The classic picture of the Western meal is meat, potatoes, and vegetables on the side. Whether it’s a slab of steak, a piece of chicken, some fish or a rich stew, chances are that meat is the main element of the dish.

That’s changing. Not that vegetarian food is pushing meat off the plate altogether. Instead, innovative vegetable dishes are taking centre stage, part of a worldwide shift that places vegetables at the forefront of dining, according to food and restaurant consultant Baum + Whiteman.

Several factors have come together for this paradigm shift to happen: rising beef prices, fear of chemicals in meat, farmers’ markets selling more exotic vegetables, a growing interest in seasonal food, and more people being ‘flexitarian’ – by going vegetarian on some days.

More restaurants, such as Al’s Place in San Francisco, named Best New Restaurant by Bon Appetit magazine in 2015, serve vegetable-centric dishes with an innovative twist. Interestingly, meats are side dishes on their menu.

Al’s Place makes vegetables more inventive – and you can tell from their names – by having dishes such as broccamole (guacamole made with broccoli), turnip-kale stem pesto, and sunchoke curry, made with a delicate tuber that tastes like artichoke but belongs to the sunflower family.

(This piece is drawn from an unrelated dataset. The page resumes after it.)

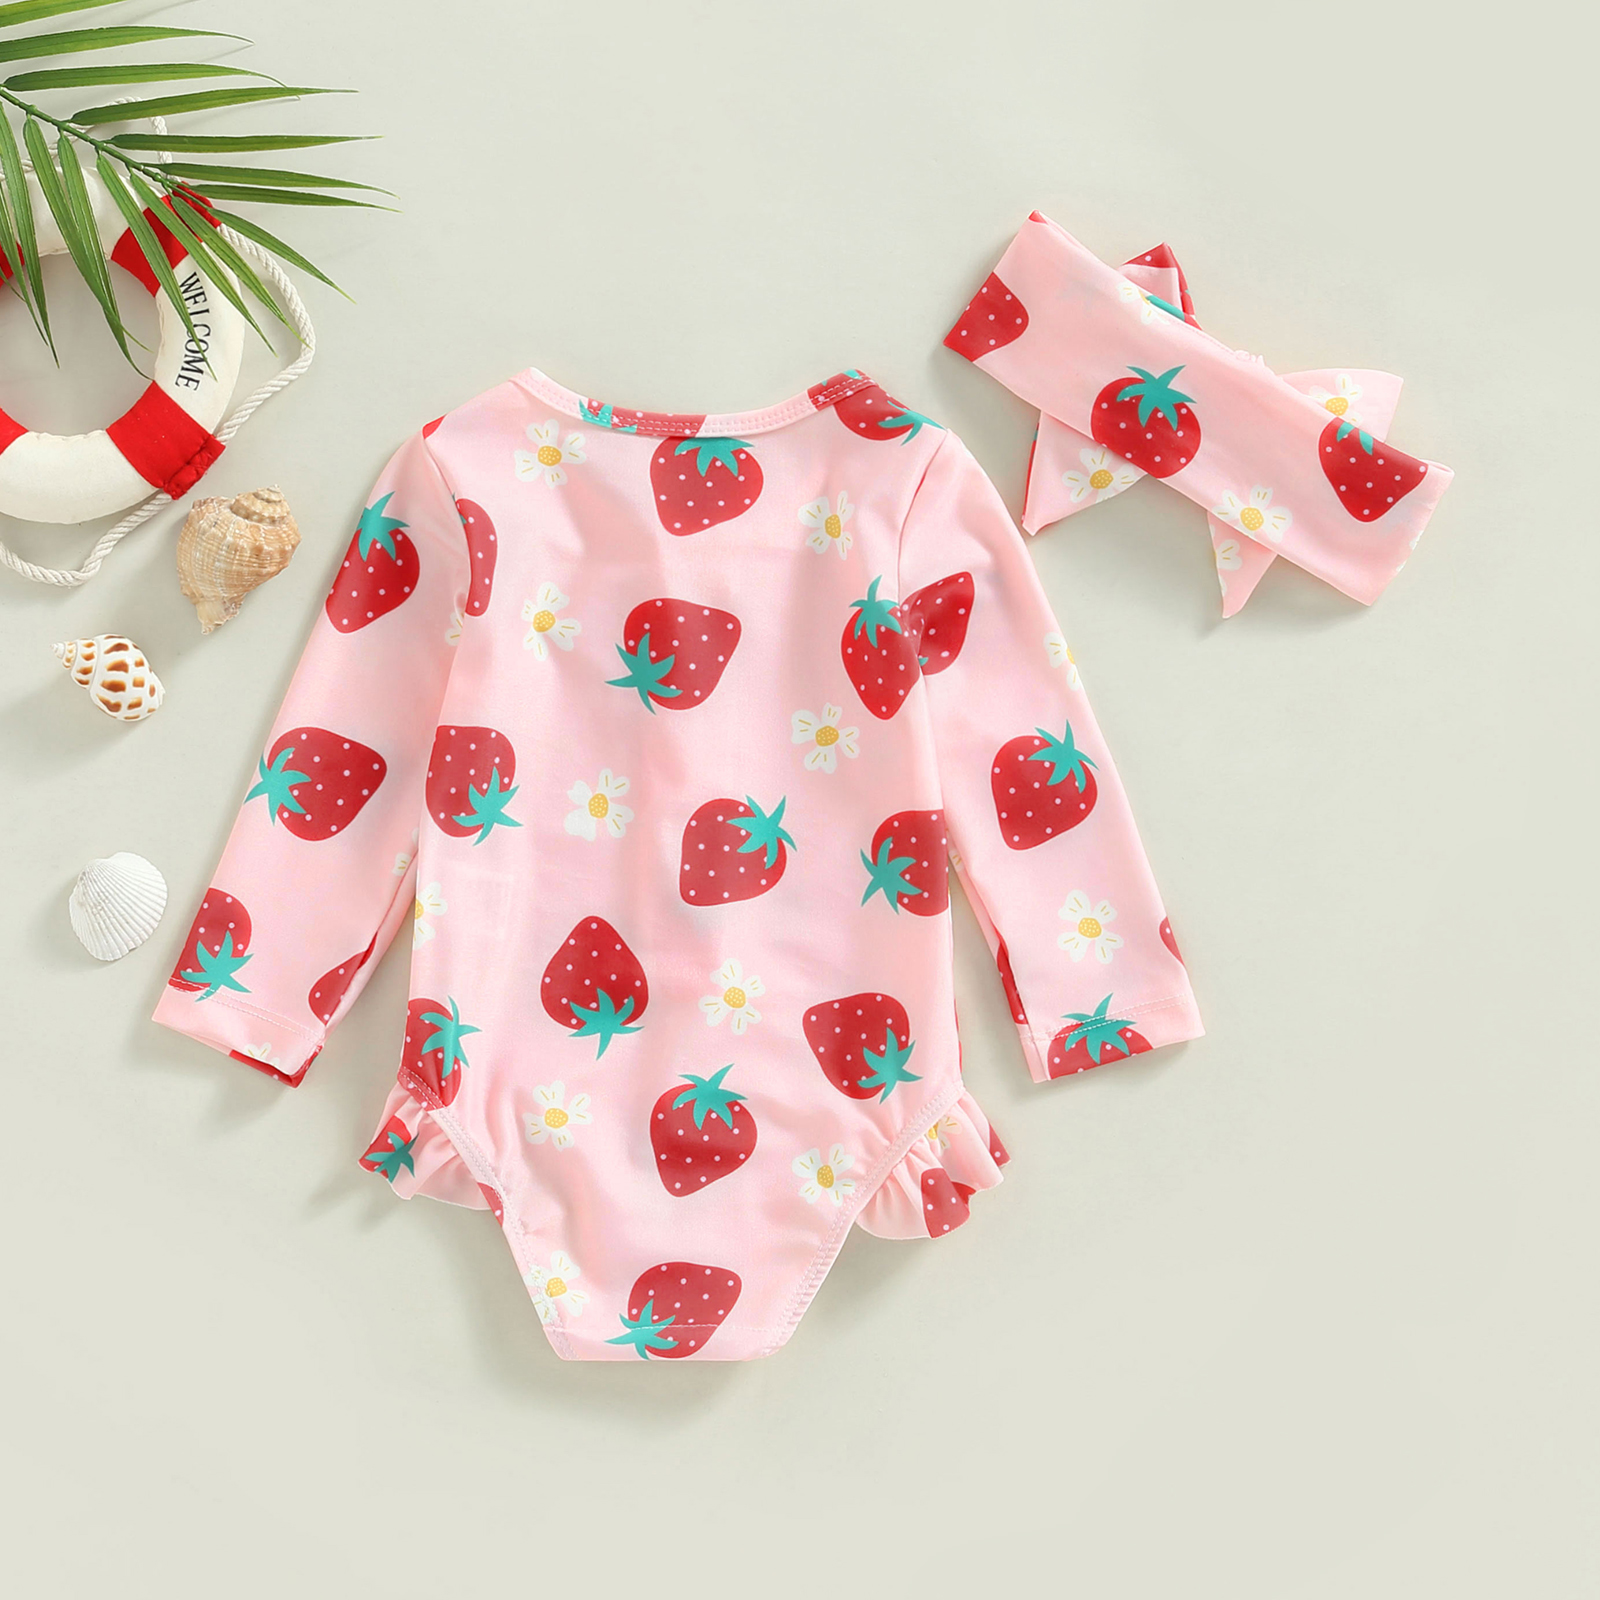 Toddler Baby Girl Swimsuits Strawberry Print Truskawkowy zamek stroju kąpielowym i opaska na głowę kostiumy kąpielowe 6m-3t

At the heart of this trend of enlivening vegetable dishes is ‘spiralising’, and kitchens are creating spaghetti alternatives from zucchini, squash, sweet potatoes and beets using this technique. Houlihan’s Restaurant and Bar chain in the US has launched an ‘inspiralised’ menu with a butternut squash and sausage lasagna and Thai noodle salad with noodles made from zucchini, mango and peppers.

This trend of moving meat to the side is more of a feature in Western cuisine, since Asian food has a longstanding tradition of using smaller amounts of meat as a highlight in dishes that comprises mainly of vegetables. Meat has more often been used as a flavouring rather than the main component of a dish and, as the New York Times put it, chefs “save fish and meat for moments when extra depth or intensity is needed”.

Yet the trend of creative vegetable dishes is spreading in Asia. Vegetarian grocer-café The Real Food Grocer, which has three branches in Singapore and one each in Malaysia’s Penang and Kuala Lumpur, has inventive vegetarian options such as chickpea and sweet potato cakes, and burger patties made from beet, carrot, millet, onions and zucchini.

According to the Vice President of Singapore Chef Association, Chef Eric Neo, this creative approach to preparing vegetables has made them more appealing to diners. “Healthier dining has always been around,” he says.

But chefs, being creative, have made vegetarian dishes more colourful and tastier. I think the trend will grow to include a larger audience.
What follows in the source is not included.